Einen hohen moralischen Legitimationsgewinn wirft auch der Schuldenerlass für die am höchsten verschuldeten armen Länder ab, der auf dem letztjährigen Weltwirtschaftsgipfel in Köln beschlossen wurde und der perfiderweise so konzipiert ist, dass er sich praktisch selbst blockiert. Von 35 Ländern wurde bisher nur eines, Uganda, teilentschuldet, und lediglich vier weitere erhielten verbindliche Zusagen. Die Schuldenerleichterung tritt nämlich nur in Kraft, wenn die betreffenden Länder neben den üblichen marktradikalen »Strukturreformen« auch so genannte Strategien zur Armutsbekämpfung entwickeln, an deren Aushandlung die »zivilgesellschaftlichen Akteure« beteiligt werden sollen.

Dieses Eingehen auf die Forderungen der NGOs beschert dem IWF eine doppelte legitimatorische Entlastung. Werden zumindest auf dem Papier Almosen bereitgestellt, kann das als »Beweis« dafür gelten, dass die Auslieferung an den Weltmarkt eben doch den allgemeinen Wohlstand fördert; der IWF kann sich dann als Förderer des Sozialen inszenieren. Zugleich werden die betreffenden NGOs noch stärker als bisher politisch vereinnahmt und zu Instrumenten der offiziellen Krisenverwaltung gemacht. »Armutsbekämpfung« wird dann, wie so oft, zum Disziplinierungsinstrument.

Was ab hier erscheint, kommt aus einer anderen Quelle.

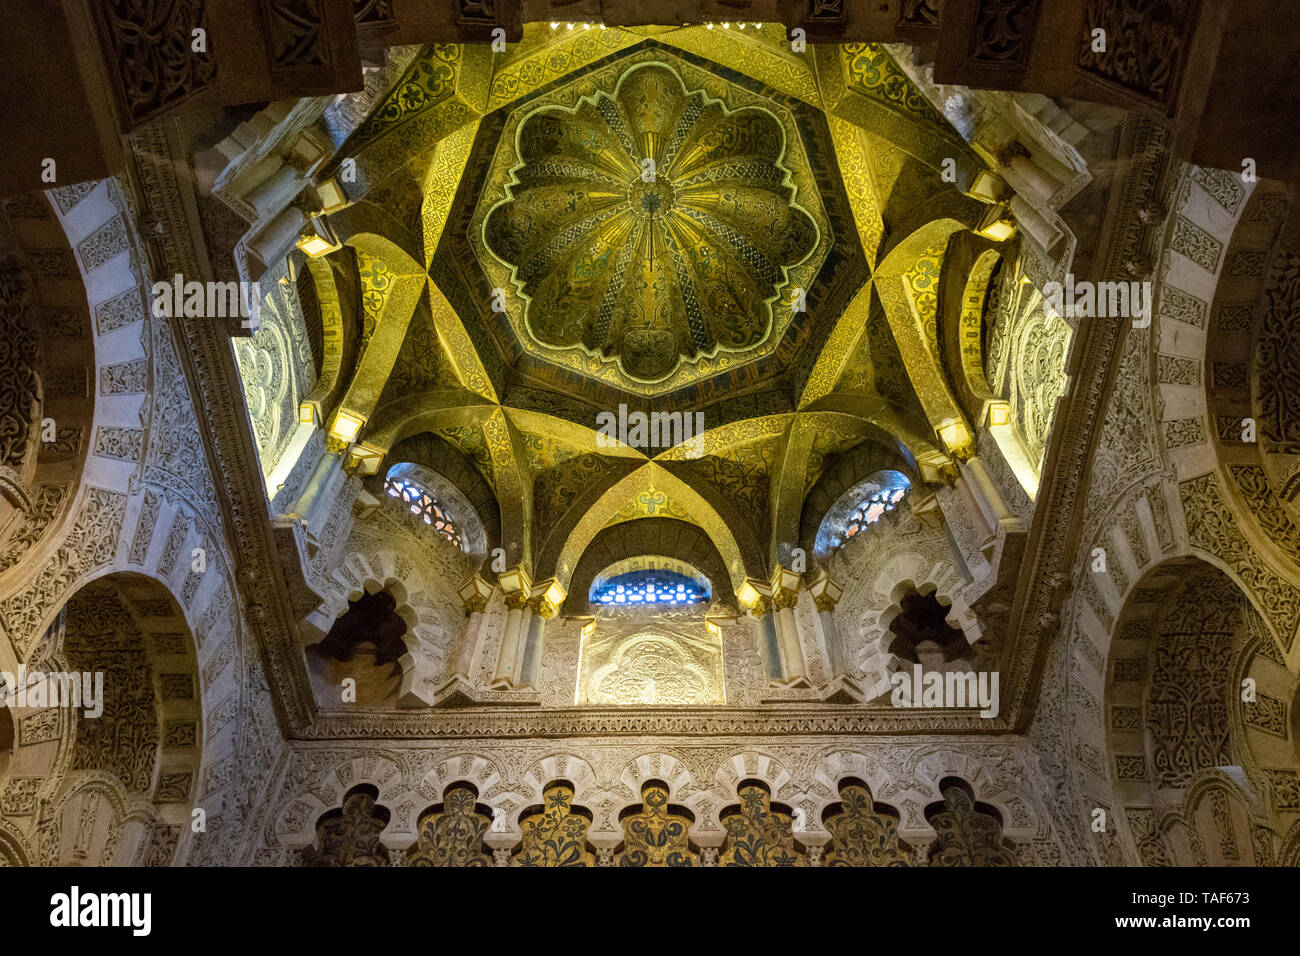 Dekorative Decke innerhalb einer Kuppel aus maurischen Moschee-Kathedrale von Córdoba, Córdoba, Region Andalusien, Spanien Stockfoto

Gelingt es dagegen nicht, ein so genanntes Poverty Reduction Strategy Paper (PRSP) zu entwerfen, kann sich der IWF unschuldig geben. Er hat getan, was er konnte, die Verantwortlichen für das Elend sitzen in den Ländern selbst. Mit gutem Gewissen können diese also je nach Bedarf sich selbst überlassen oder einer internationalen Krisenverwaltung unterworfen werden.

Der IWF hat damit bewiesen, dass auch er in der »reflexiven Moderne« angekommen ist. Er hat in den Krisen der letzten Jahre gelernt, Kritik so zu integrieren, dass sie ihm nicht schadet, sondern nützt.